### TASK
Below are the records; give again exactly the lines from the one containing "The North Face" through the one containing "She Who Loves Tennis: Grapefruit Candle", leaving out pictures.

### RAW DATA
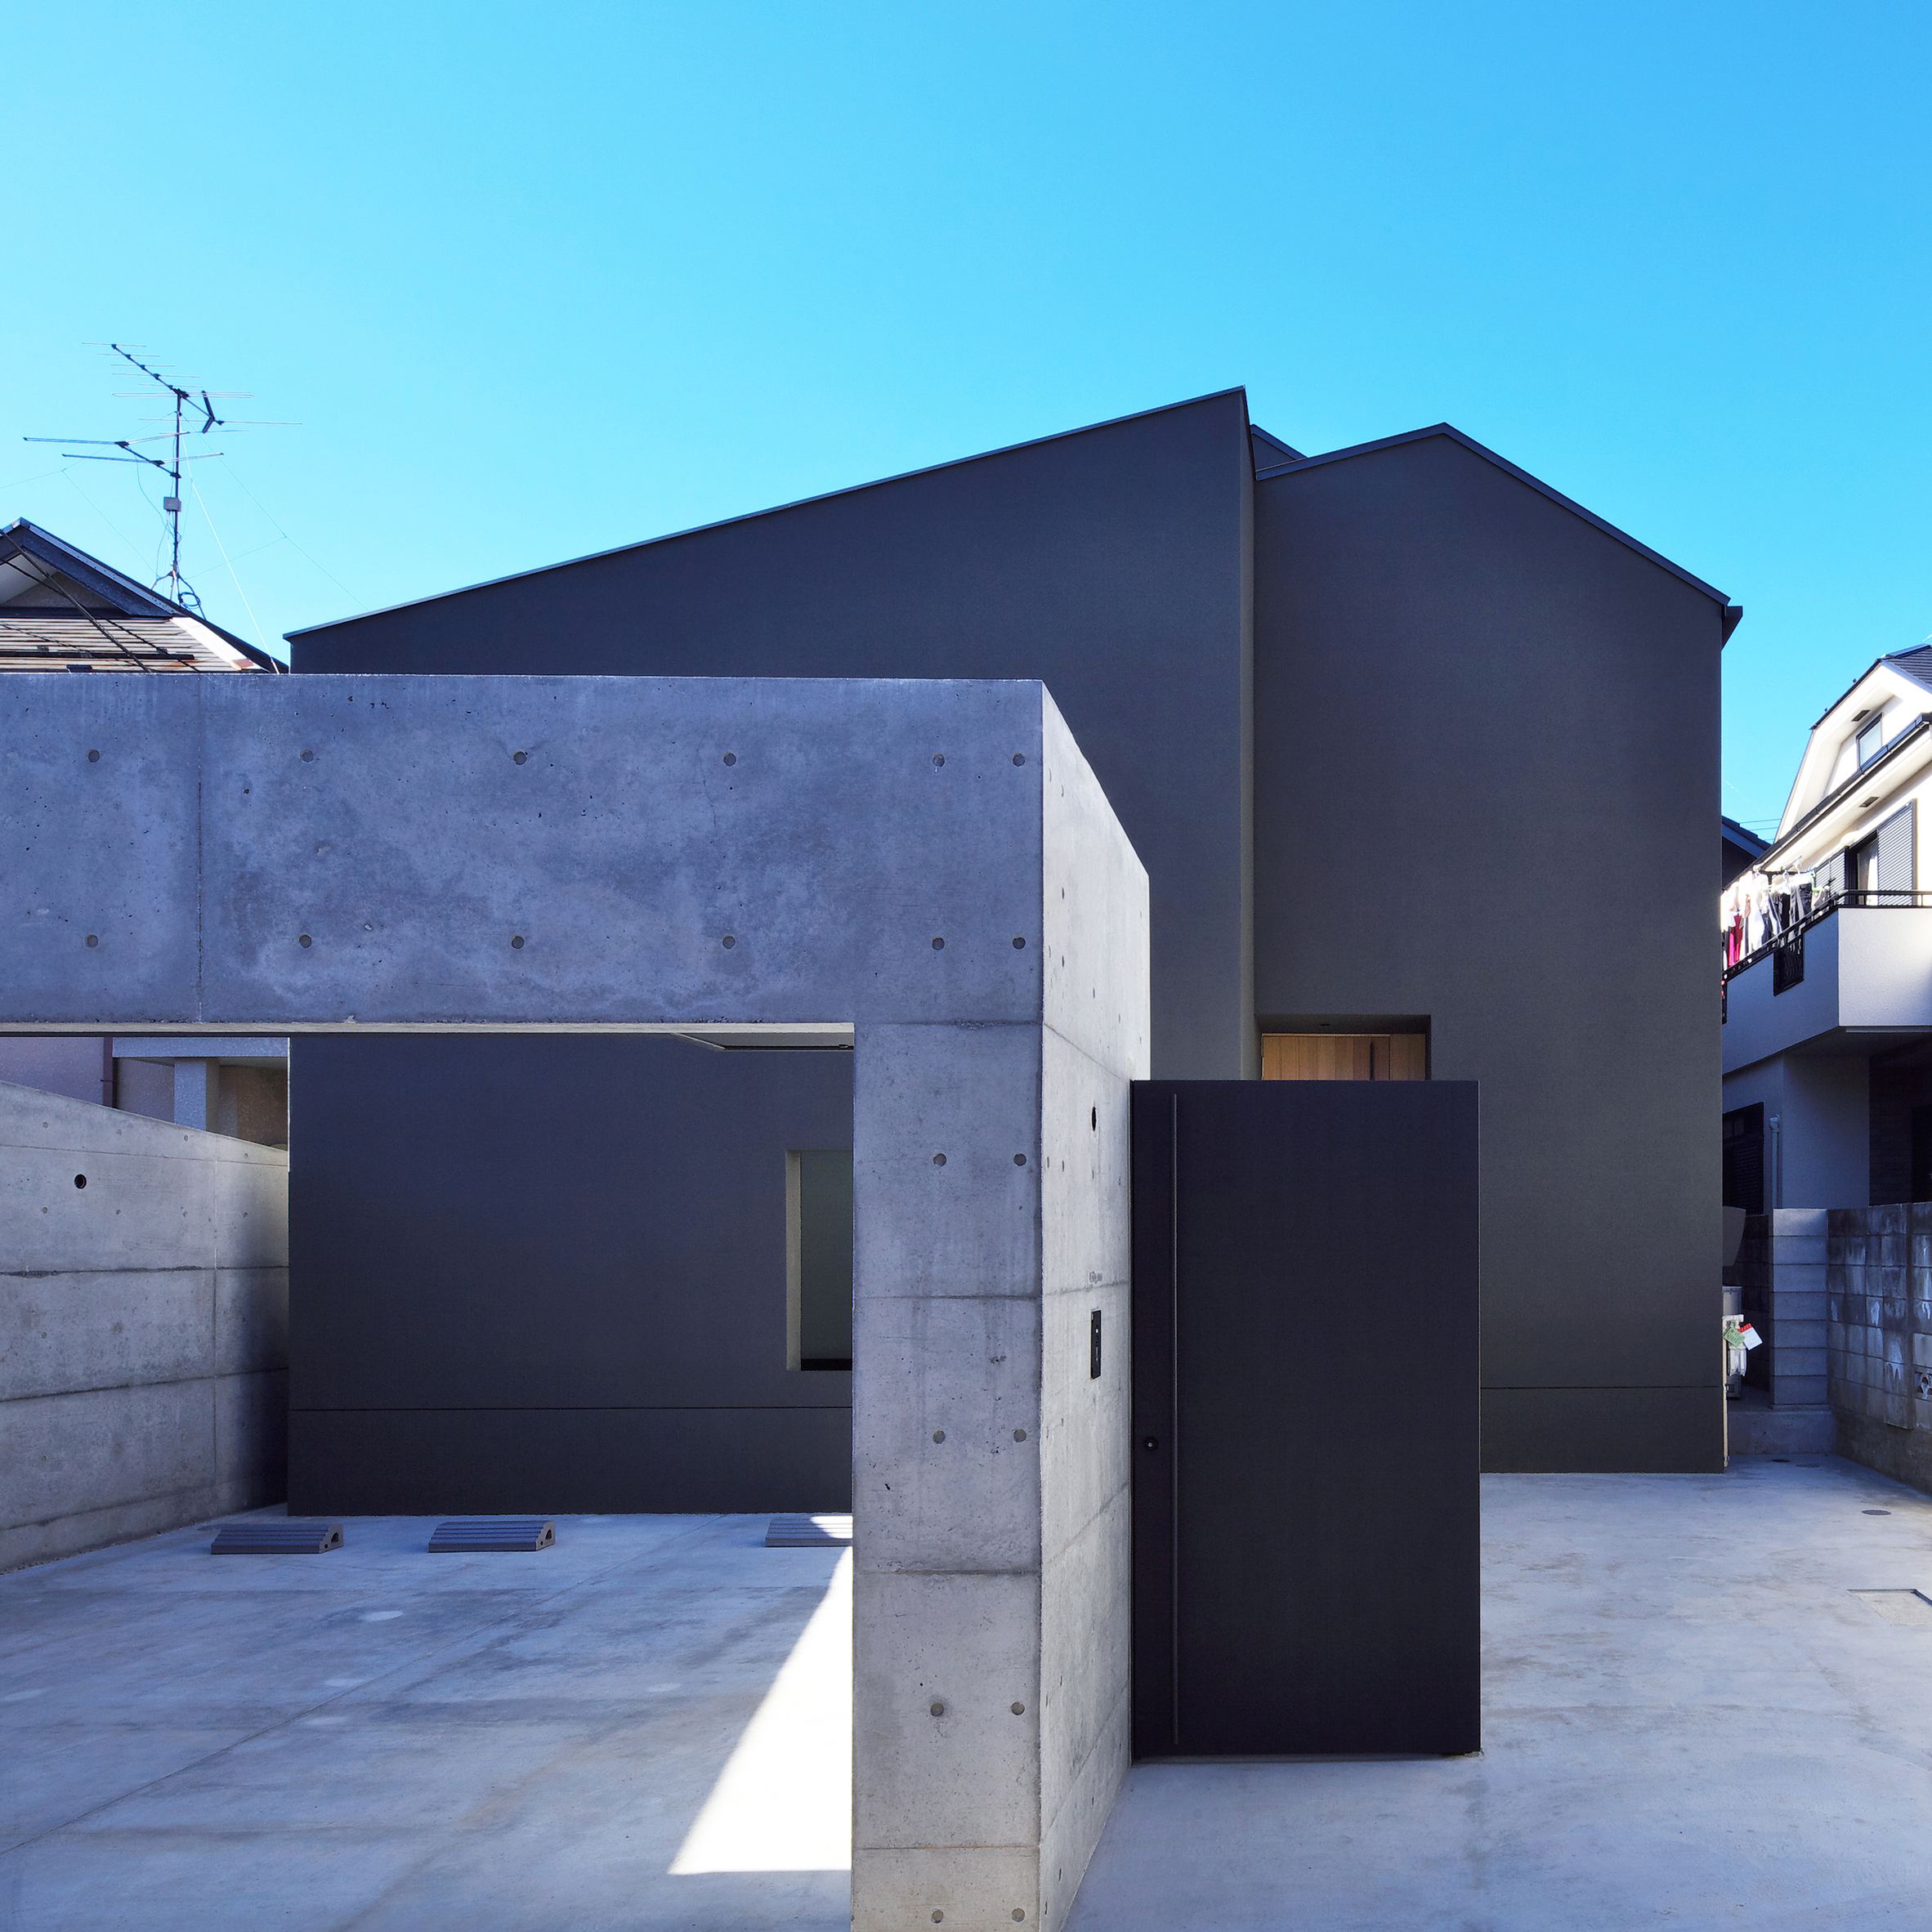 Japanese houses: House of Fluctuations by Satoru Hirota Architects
--
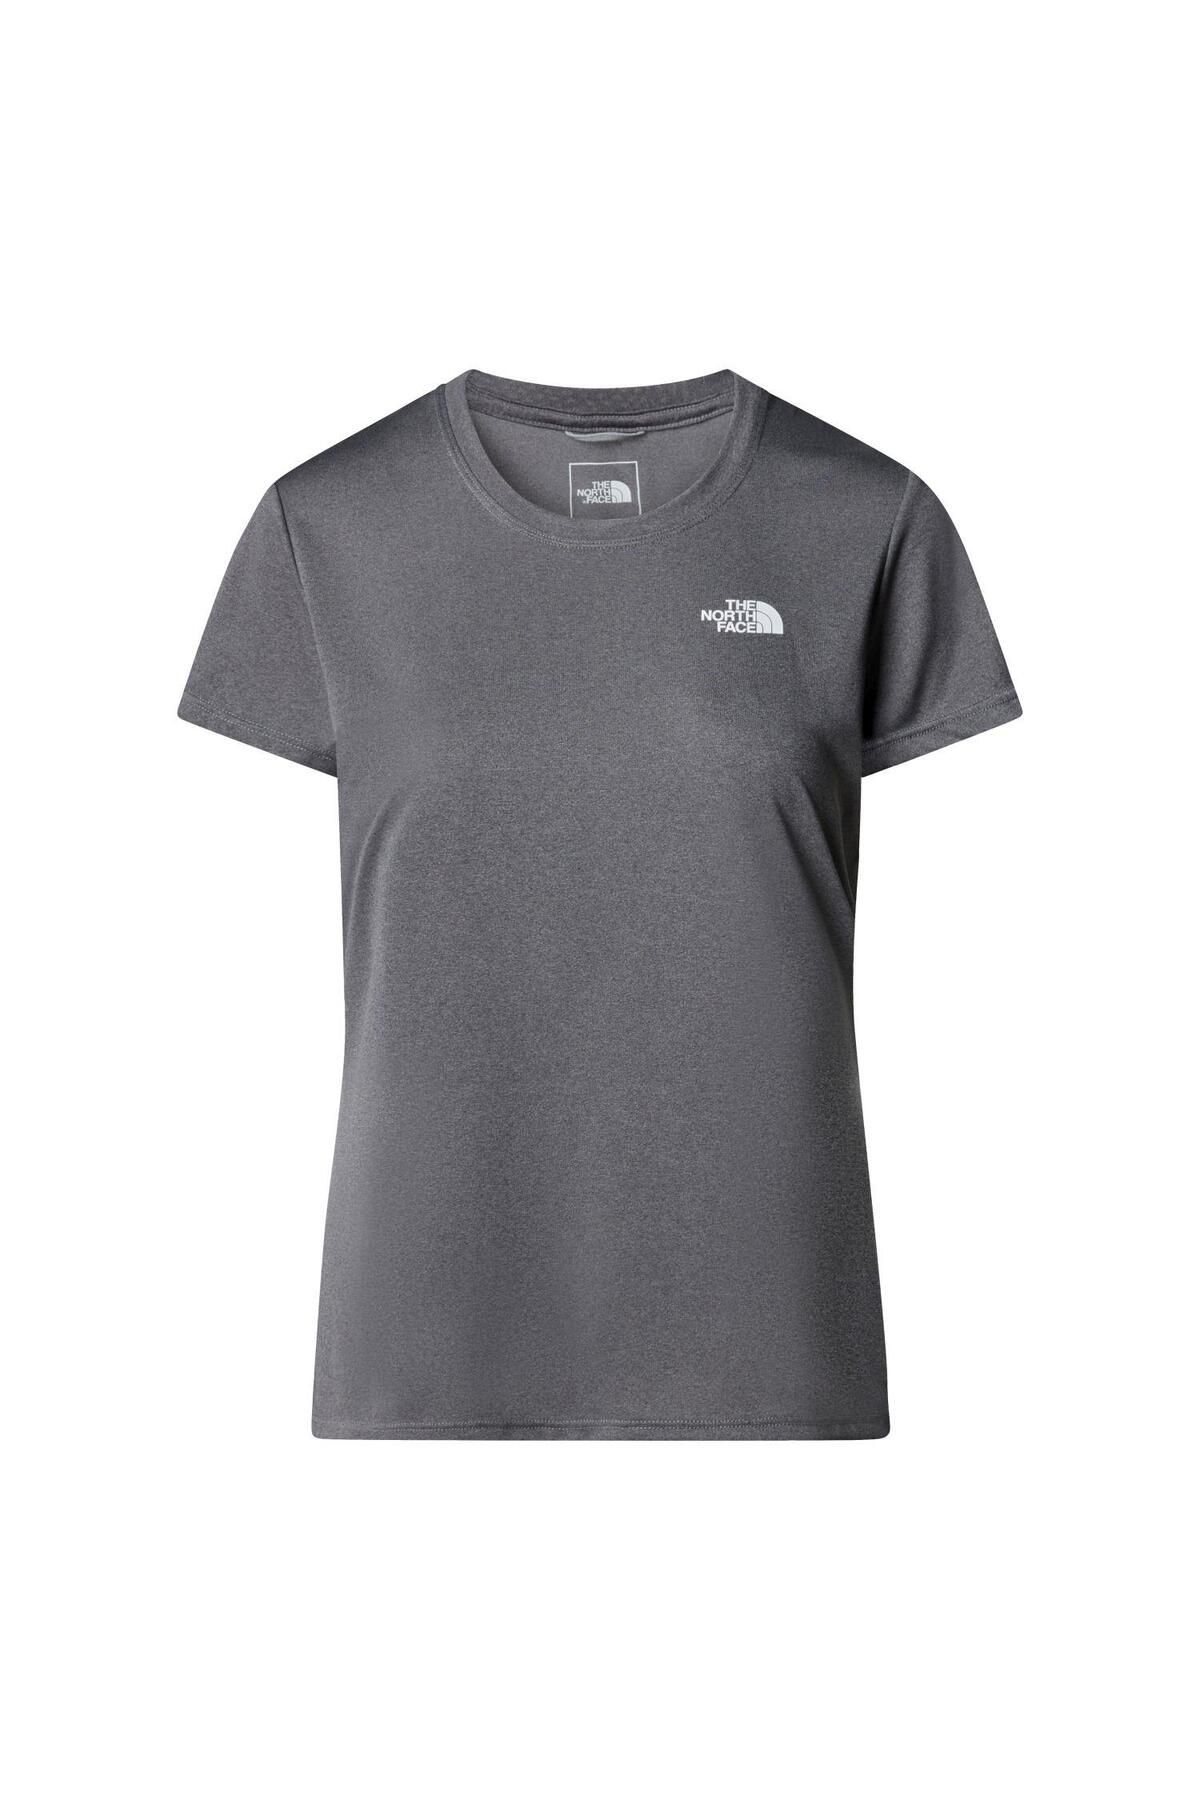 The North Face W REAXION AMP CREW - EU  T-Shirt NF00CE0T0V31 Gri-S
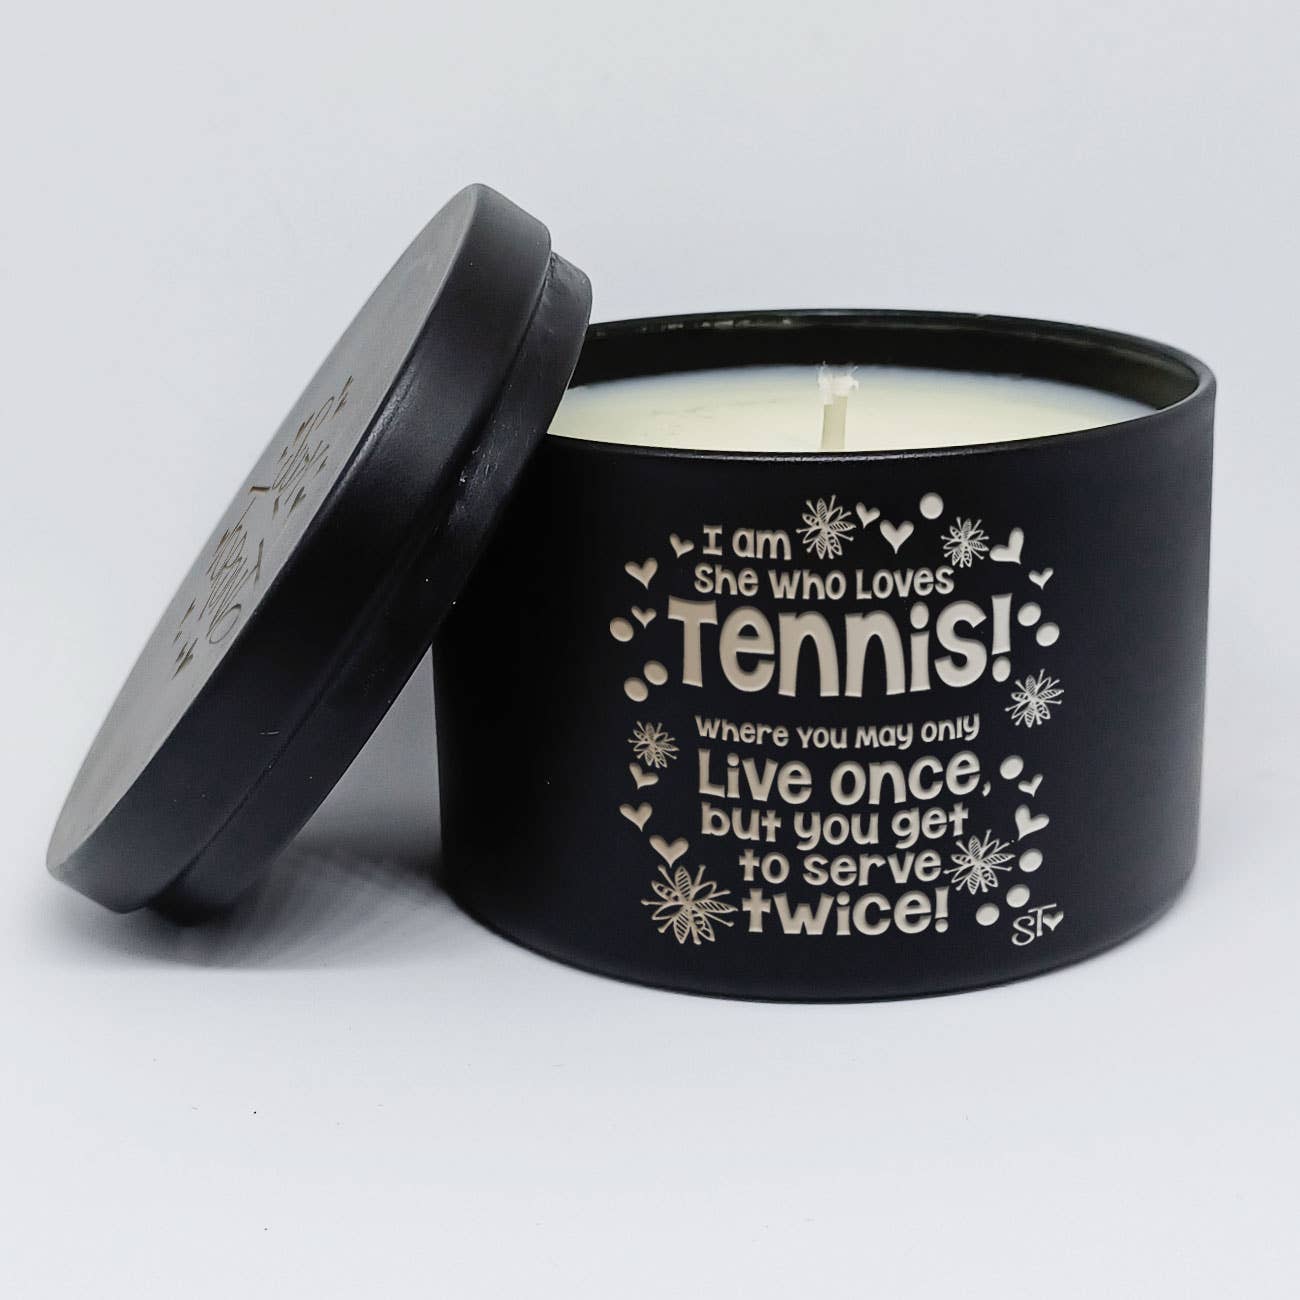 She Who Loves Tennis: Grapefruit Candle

### TASK OUTPUT
 The North Face W REAXION AMP CREW - EU  T-Shirt NF00CE0T0V31 Gri-S
 She Who Loves Tennis: Grapefruit Candle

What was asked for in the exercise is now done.